Utilizing an approach designed to moderate risk exposure, the objective of the Risk Managed Sector strategy is to identify and focus portfolio assets into industry sectors expected to perform best in the current market cycle.

It's important to note that sectors can be volatile, and as powerful fundamentals unfold, these funds will often dominate the lists of largest gainers and losers. To mitigate this volatility, the Risk Managed Sector strategy emphasizes capital preservation over investment return and will rotate to cash in adverse market conditions.

The Risk Managed Sector strategy is typically allocated into 5 to 10 positions from a variety of both domestic and international sector funds.

This is a moderate risk strategy that seeks equity-type returns with reduced volatility.




To view the performance of Risk Managed Sector, click here.

The objective of the Equity Plus strategy is to exploit intermediate trends in both international and domestic markets while seeking to limit risk.

Equity Plus is typically allocated into 10 to 20 positions from a broad universe of domestic and international equities, encompassing a variety of asset classes and sectors. Equity Plus can also employ money market, cash, bonds and/or short positions through the purchase of inverse mutual funds in adverse market conditions in its attempt to reduce portfolio volatility.

Equity Plus may be long, short and/or hedged in domestic and international equity and bond mutual funds. Often the portfolio will not follow U.S. stock market trends.

This is a moderate-risk strategy as it employs multiple investment options.

Equity Plus is most suitable for investors seeking capital appreciation in all market conditions with a higher propensity for risk.




To view the performance of Equity Plus, click here.

The objective of the Dynamic strategy is to exploit intermediate trends in domestic markets by being fully invested in domestic equities.
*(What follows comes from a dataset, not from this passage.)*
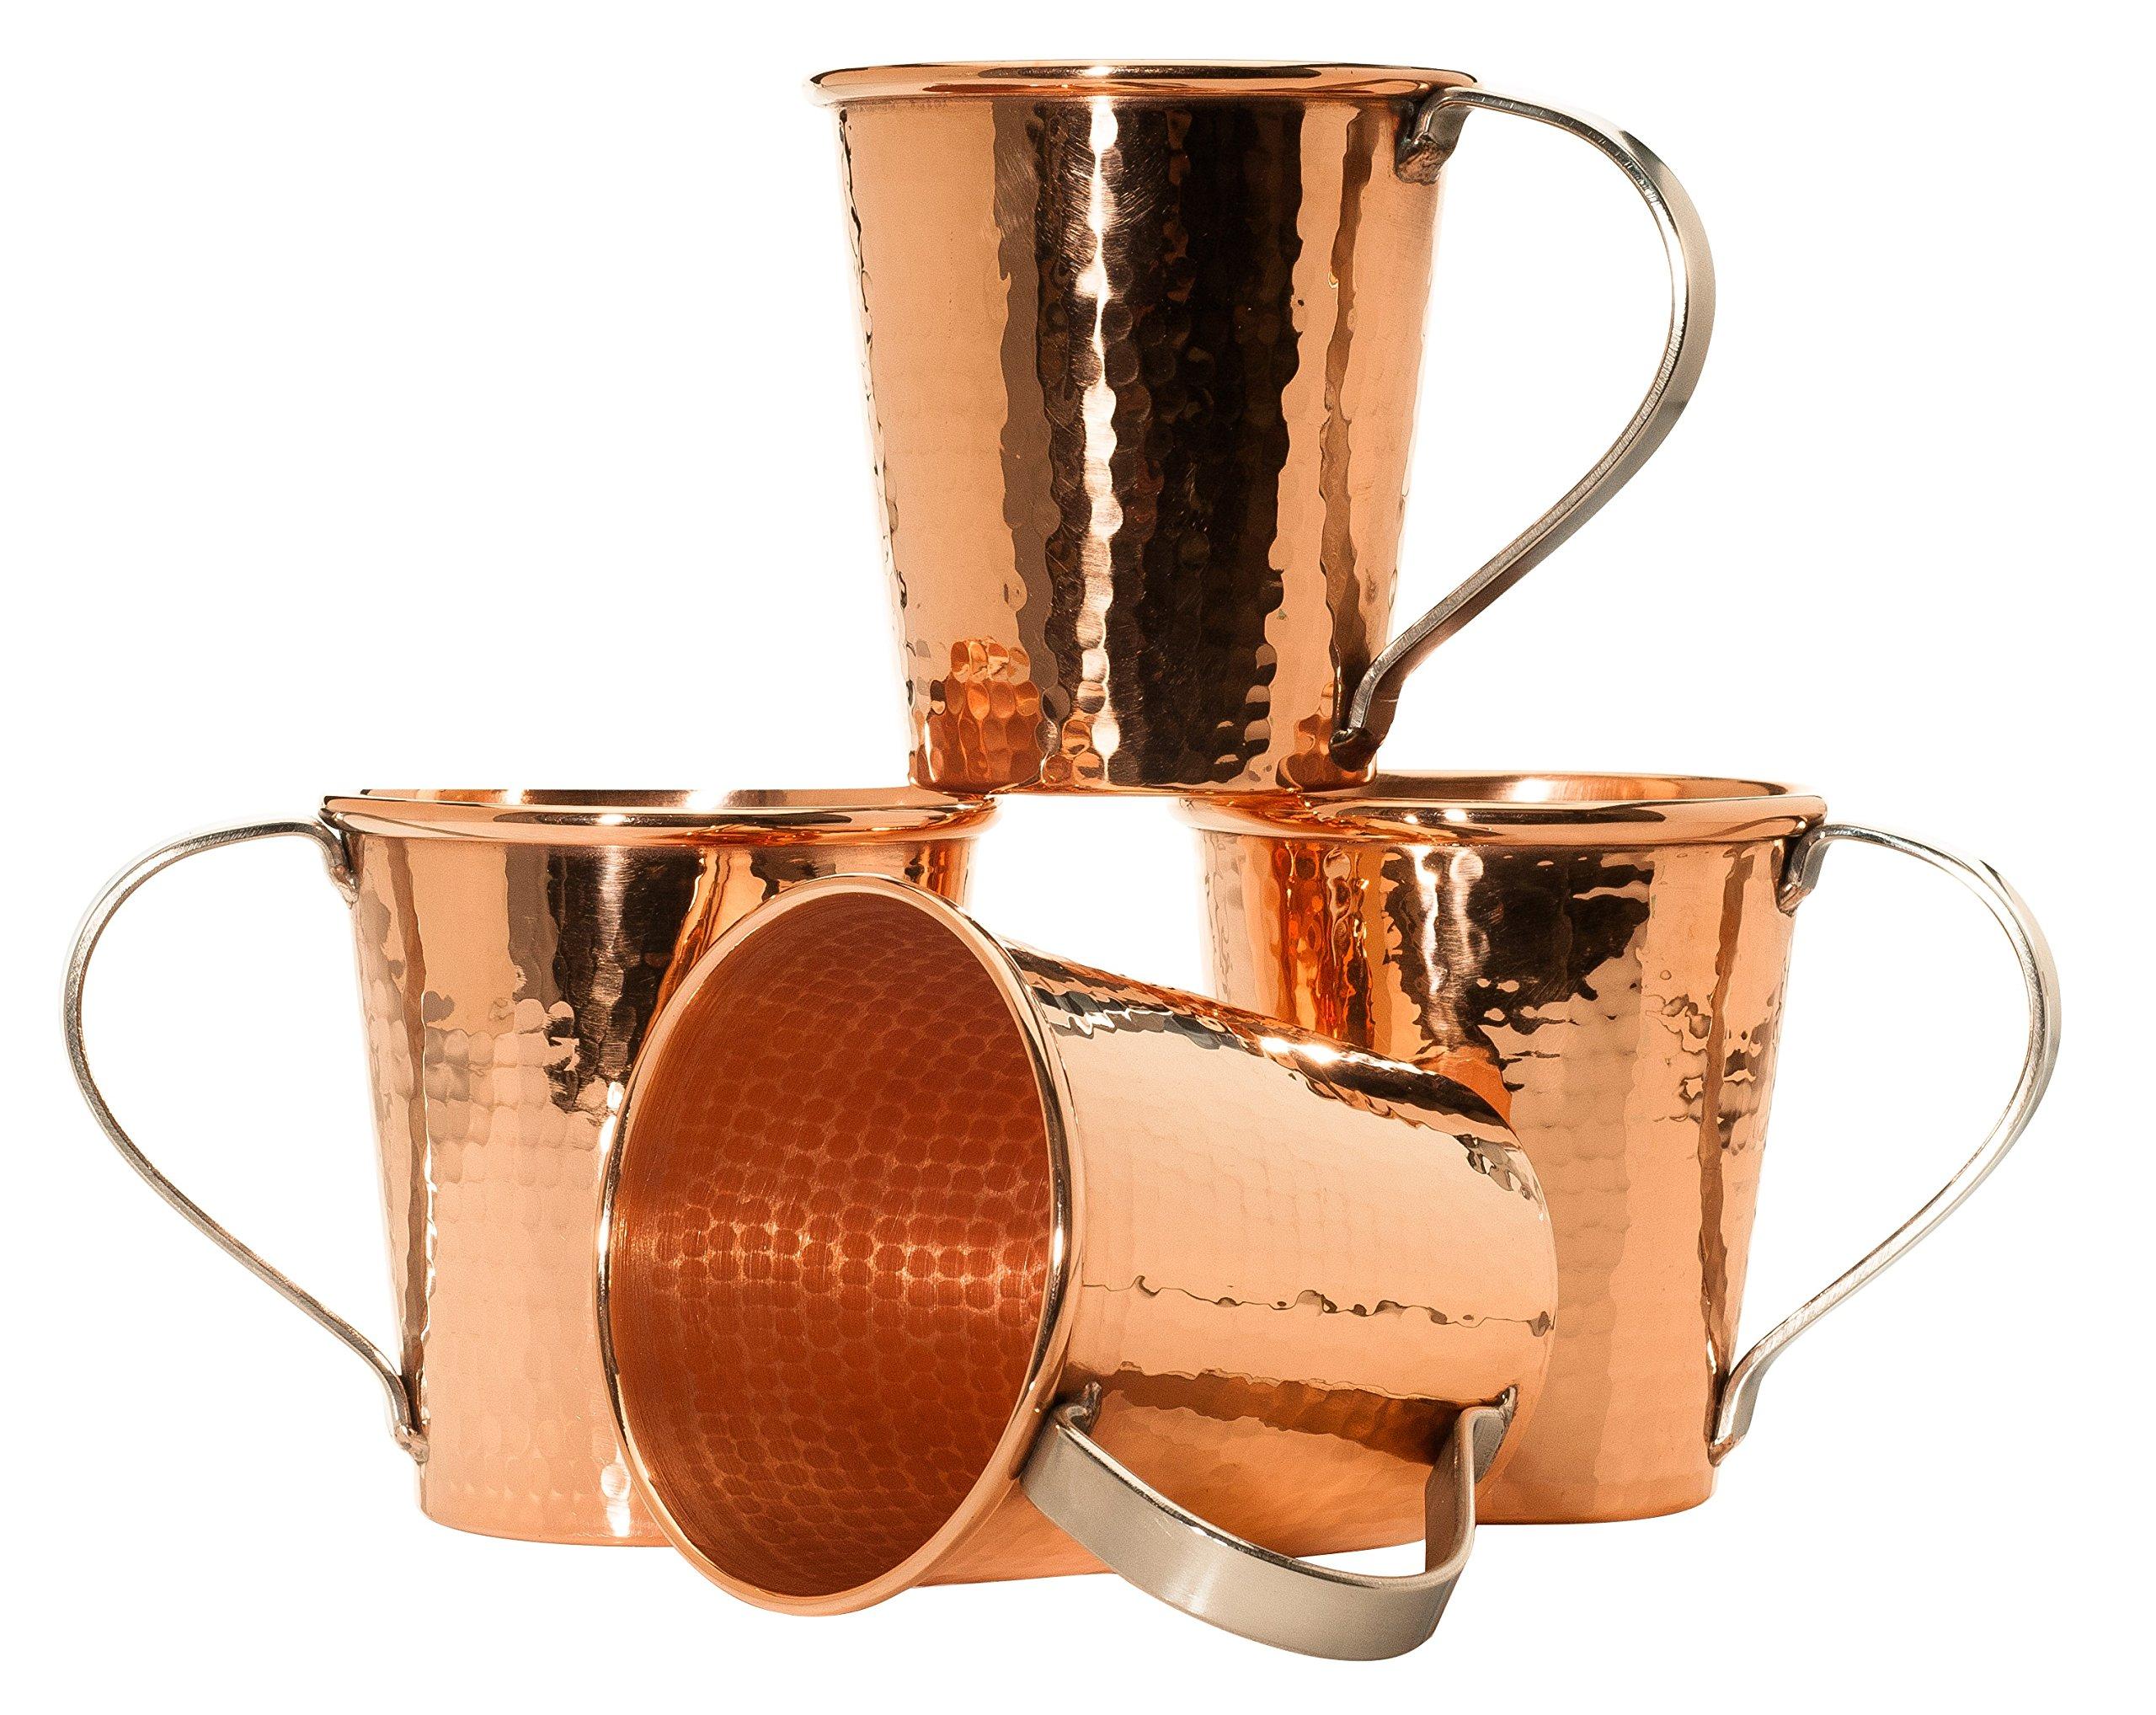 Sertodo Copper CMM-18-4 Moscow Mule Mug Set, Hand Hammered 100% Pure Copper, 18 oz, Set of 4 by Sertodo Copper

As a result, Dynamic takes an aggressive approach, seeking to out-perform domestic benchmarks over a complete market cycle.

Dynamic is typically allocated into 10 to 20 positions from a broad universe of domestic equities, encompassing a variety of asset classes and sectors.

This is a high-risk strategy emphasizing investment return over capital preservation by keeping portfolio assets actively invested in domestic equities at all times.




To view the performance of Dynamic, click here.

The objective of the Dynamic Sector strategy is to identify and focus portfolio assets into industry sectors expected to perform best within current market conditions.

This strategy's aggressive approach seeks to out-perform the market over a complete market cycle.

Dynamic Sector is typically allocated into 5 to 10 positions from a variety of both domestic and international sector funds. Sectors can be volatile, and as powerful fundamentals unfold, these funds will often dominate the lists of largest gainers and losers.

This is a high-risk strategy emphasizing investment return over capital preservation by keeping portfolio assets actively invested in sector funds at all times.




To view the performance of Dynamic Sector, click here.

The objective of the Dynamic International strategy is to exploit intermediate trends in international markets by being fully invested in international equities.

As a result, Dynamic International takes an aggressive approach, seeking to out-perform international benchmarks over a complete market cycle.

Dynamic International is typically allocated into 5 to 10 positions from a broad universe of international equities, encompassing a variety of asset classes and sectors.

This is a high-risk strategy emphasizing investment return over capital preservation by keeping portfolio assets actively invested in international equities at all times.